This project was created on 05/17/2023 and last updated 7 days ago.

Description

After finding a good high linearity multiplier (NJM4200, log
architecture), I built this Lorentz chaotic circuit, the essence of
which is to use multipliers and integrators to solve the Lorentz
equations.
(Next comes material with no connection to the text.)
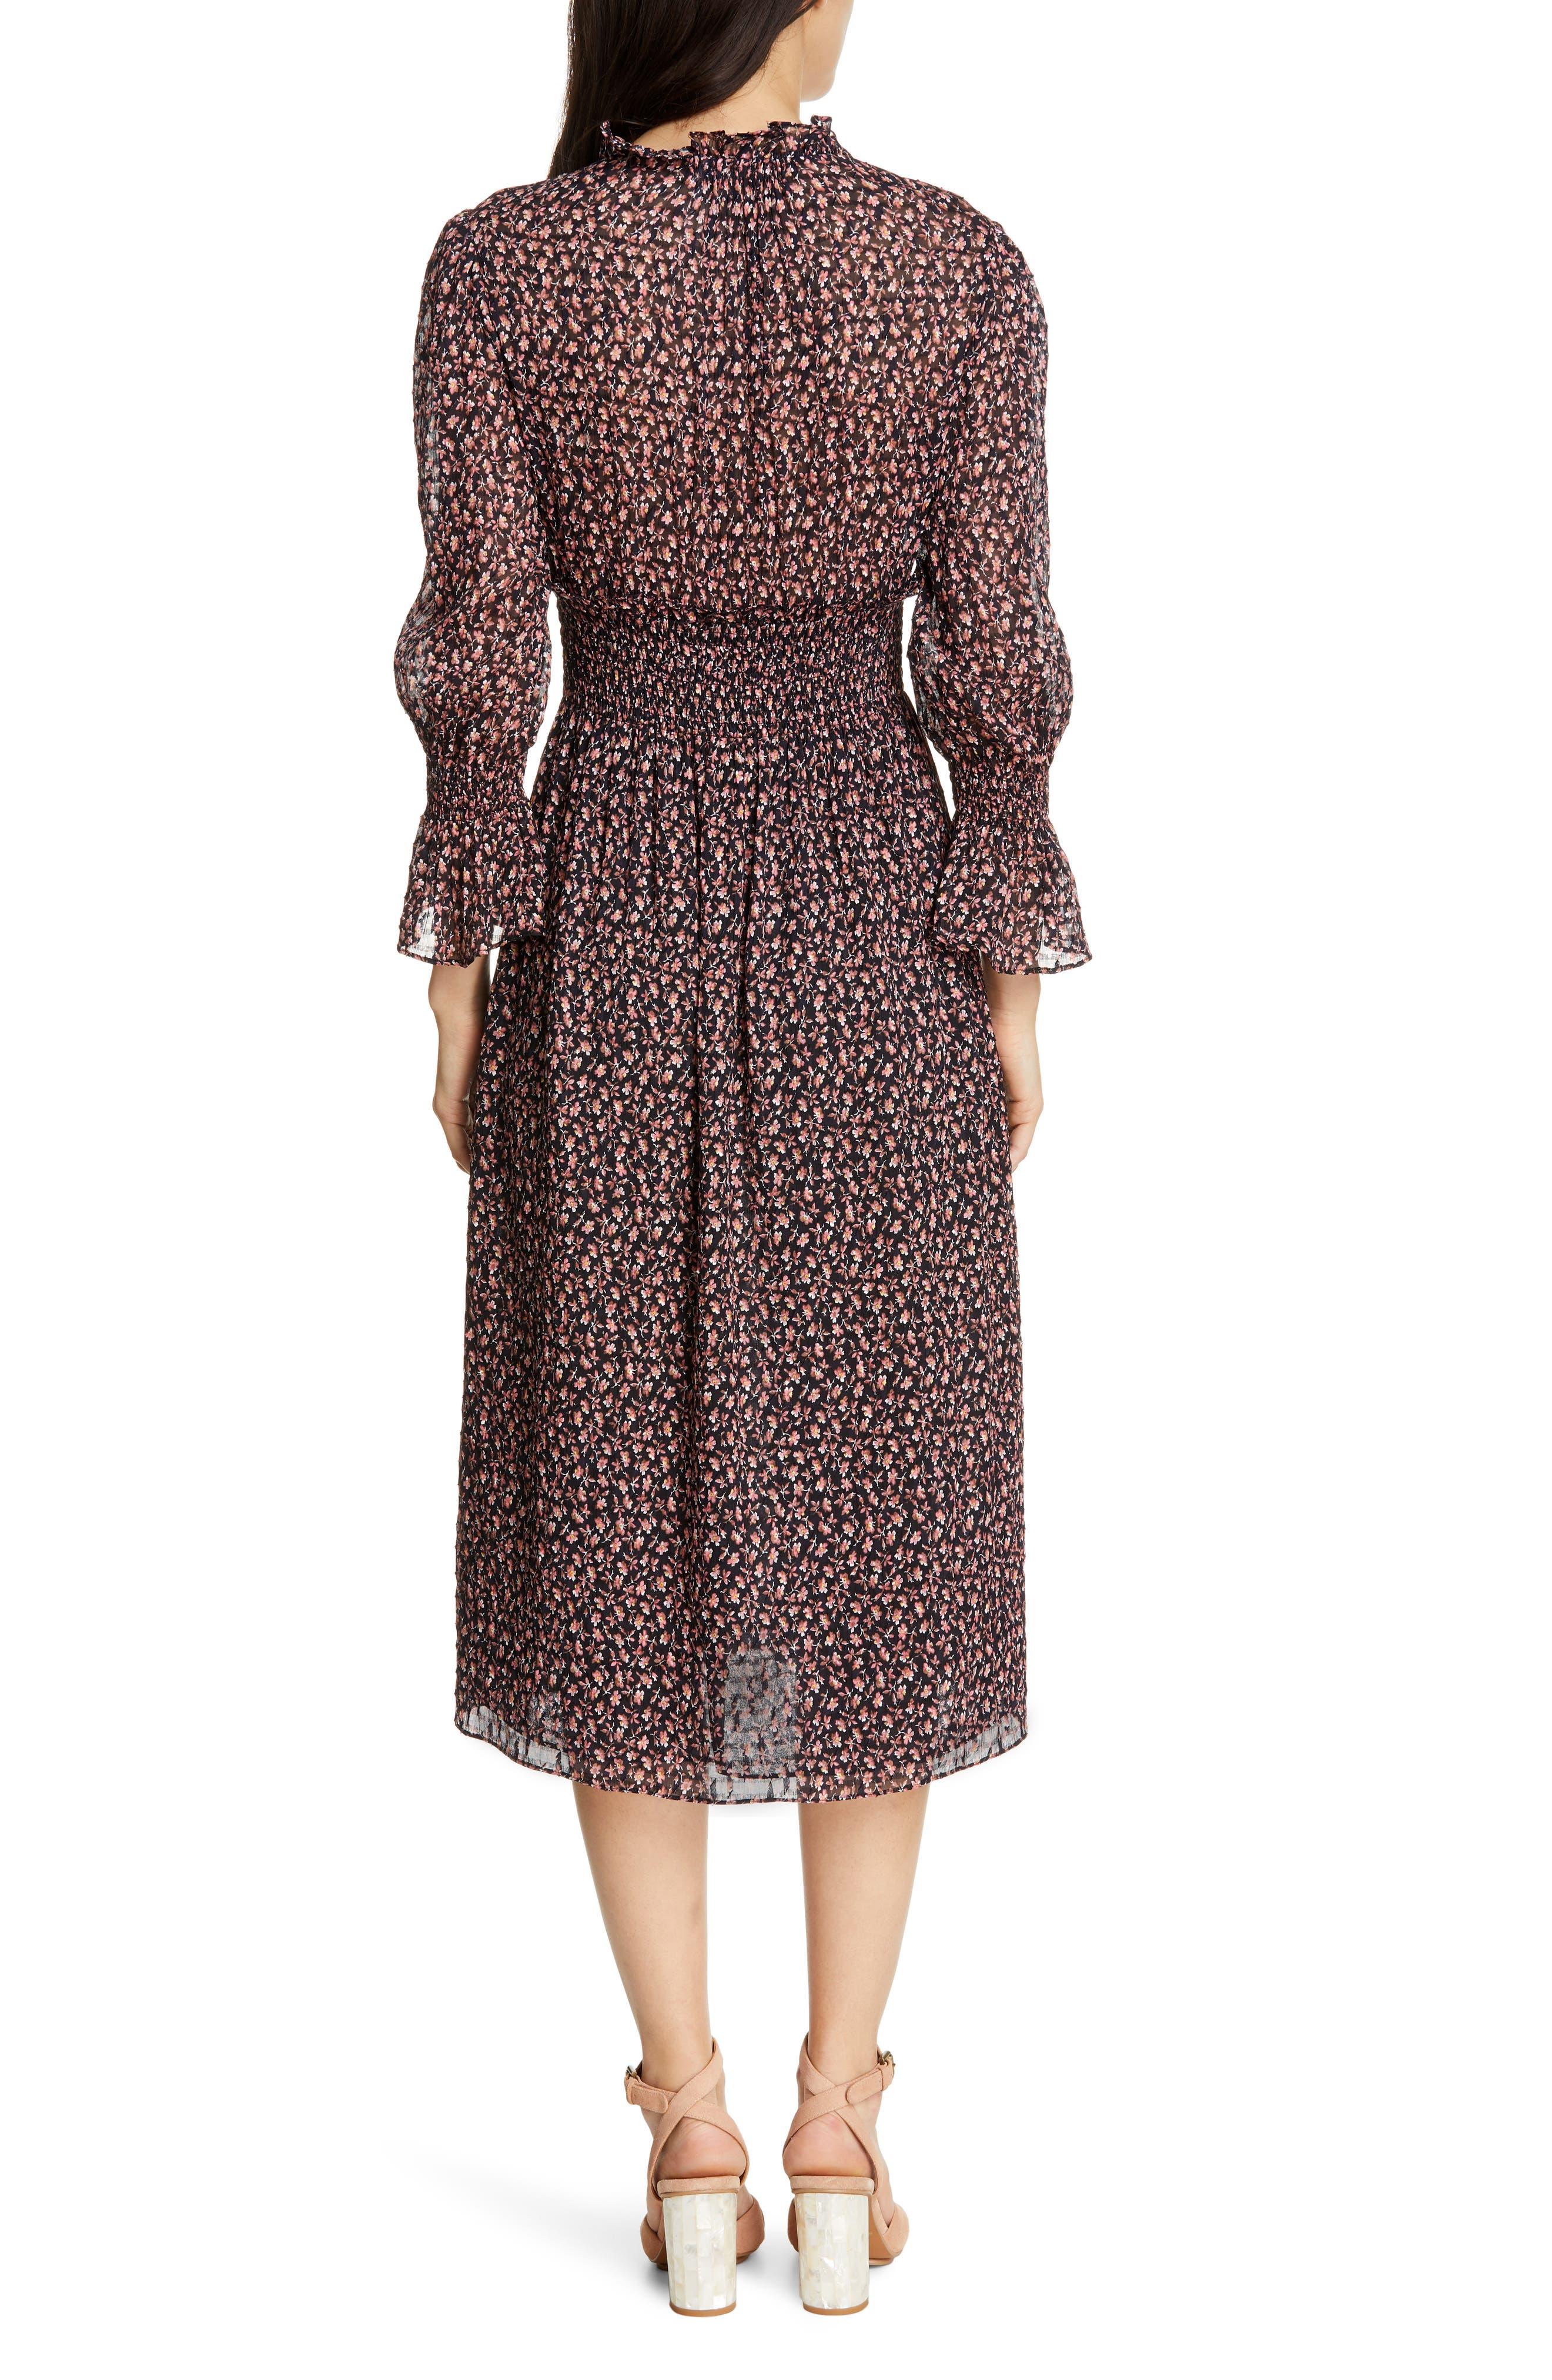 REBECCA TAYLOR, Floral Smock Detail Long Sleeve Silk & Cotton Dress, Alternate thumbnail 2, color, NAVY COMBO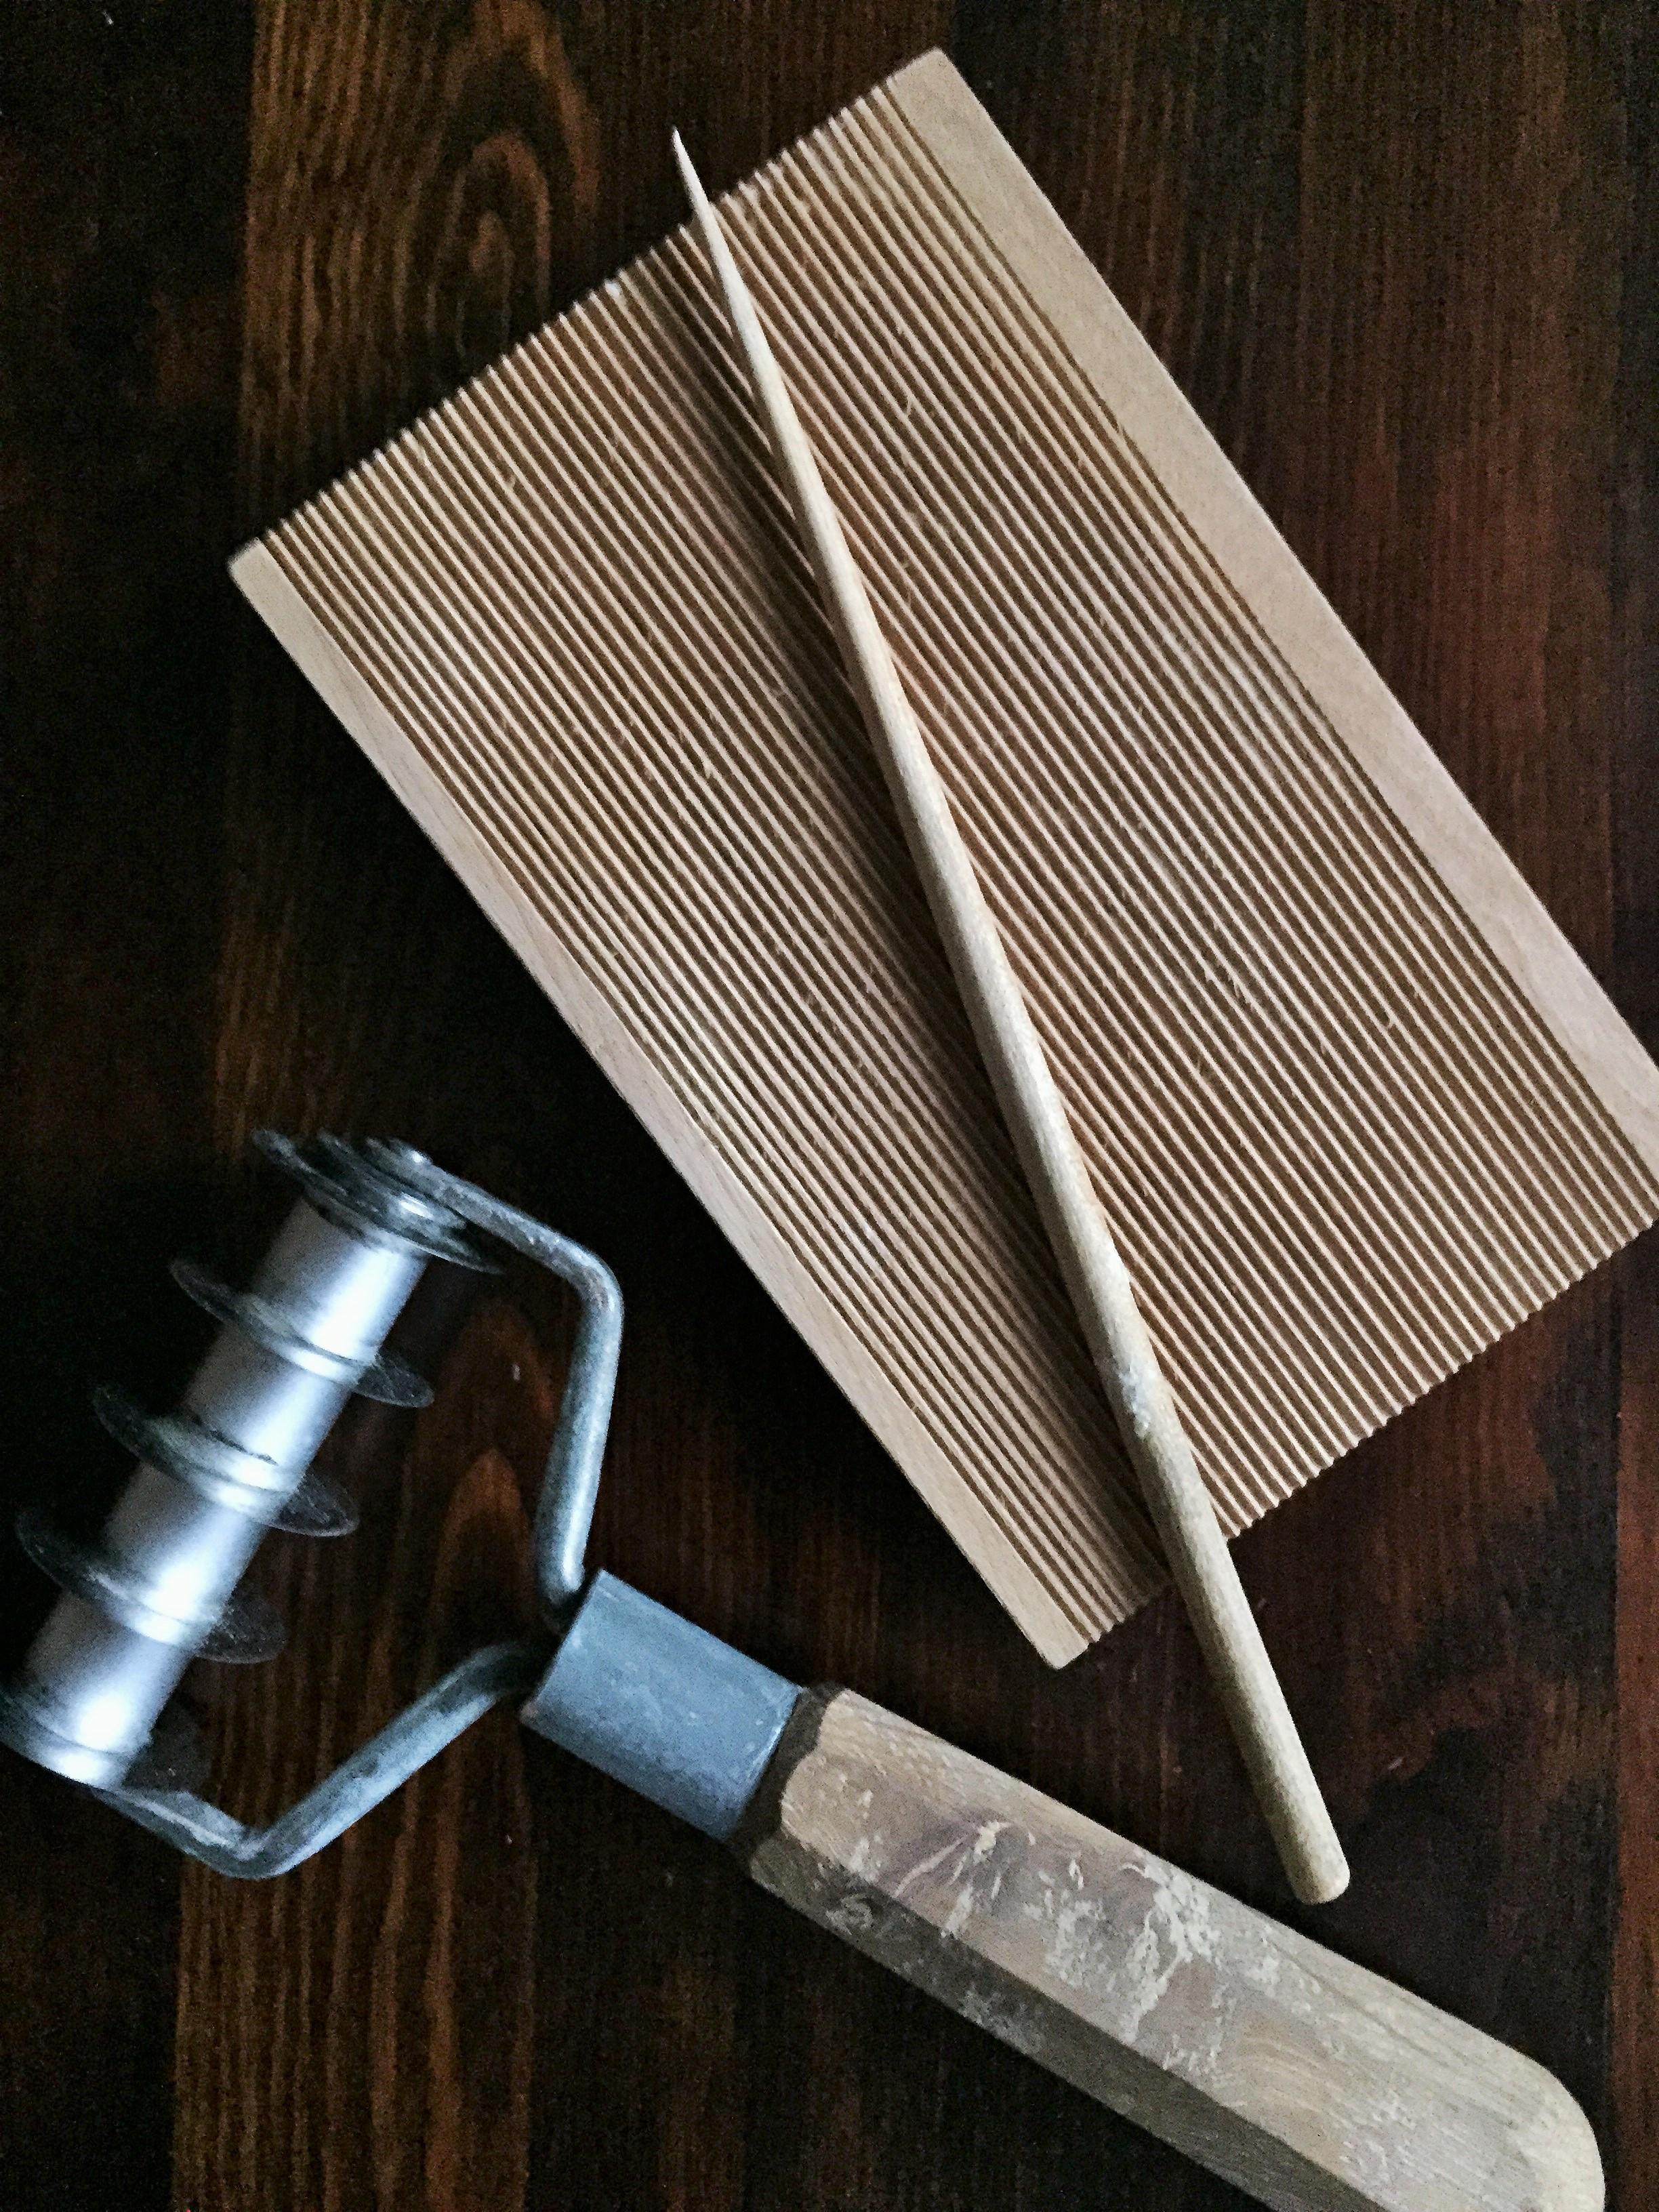 Home-made tools

The Lorentz equation describes the principle of
atmospheric dynamics, which is commonly known as the "butterfly
effect", and the oscilloscope shows the Lissajous figure, just like
the elusive drifting wings.

Details

Analog Lorenz Attractor Computer

1. The Origin of Analog Computer

One of the main purposes of analog circuits is to solve mathematical
problems, such as building a circuit corresponding to a nonlinear
differential equation and analyzing the phase plane characteristics
of it by observing its output voltage with an oscilloscope or analog
plotter. I will take a famous nonlinear differential equation, the
Lorenz Attractor, as an example, and show the whole process of
solving it with an analog circuit.

2.Lorenz Attractor

The Lorentz attractor is a set of equations describing the dynamical
behavior of the atmosphere, which reveals the chaotic phenomena
contained in meteorological changes and is known as the "butterfly
effect". The Lorentz attractor consists of three nonlinear
differential equations:

Among them, sigma, b and r are the three constants that determine the
characteristics of the system, commonly taken as sigma = 10, r = 28
and b = 8/3. Before building the analog circuit, we can simulate it
with software to understand some basic characteristics (sounds a bit
strange~~). The software used is Octave, and the Lorentz attractor
function is declared in lorenz.m, where x is a three-dimensional
vector set, and x(1), x(2), and x(3) represent x, y, and z in the
original set of equations, respectively, while a scale factor k is
added for further usage.

% Lorenz.m

function dx = lorenz(x, s, r, b, k)
    dx = zeros(3, 1);
    dx(1) = k*(s*(x(2) - x(1)));
    dx(2) = k*(-x(1)*x(3) + r*x(1) - x(2));
    dx(3) = k*(x(1)*x(2) - b*x(3));
end

 The lorenz function is called in test.m and solved numerically. Here
the fourth-order Runge-Kutta method is used and the initial values of
the equations are set to (1, 1, 1). Finally, the trace of  x is
presented in three and one dimensions, respectively:

% test.m

clc; clear all;

dt = 1e-3;
t = 0 : dt : 100 - dt;

s = 10;
r = 28;
b = 8/3;
k = 1;

x = zeros(3, length(t));
x(:, 1) = [1; 1; 1];

for tn = 1 : 1 : length(t) - 1
    k1 = lorenz(x(:, tn),           s, r, b, k);
    k2 = lorenz(x(:, tn) + dt*k1/2, s, r, b, k);
    k3 = lorenz(x(:, tn) + dt*k2/2, s, r, b, k);
    k4 = lorenz(x(:, tn) + dt*k3,   s, r, b, k);
    x(:, tn + 1) = x(:, tn) + dt/6*(k1 + 2*k2 + 2*k3 + k4);
end

figure;
plot3(x(1, :), x(2, :), x(3, :), '-'); box on; grid on; drawnow;

figure;
subplot(3, 1, 1); plot(t, x(1, :)); title("x");
subplot(3, 1, 2); plot(t, x(2, :)); title("y");
subplot(3, 1, 3); plot(t, x(3, :)); title("z");

The simulation results are shown in the following figure:

3.How to Design an Analog Computer

How can this set of equations be "translated" into an analog circuit?
This is illustrated by a diagram:

In analog circuits, the most convenient circuits used to perform
calculations are those designed based on inverting amplifiers, which
are simpler in form than non-inverting amplifiers and also avoid
distortion and noise from common-mode operation, which was
particularly important in the early years of op-amp development.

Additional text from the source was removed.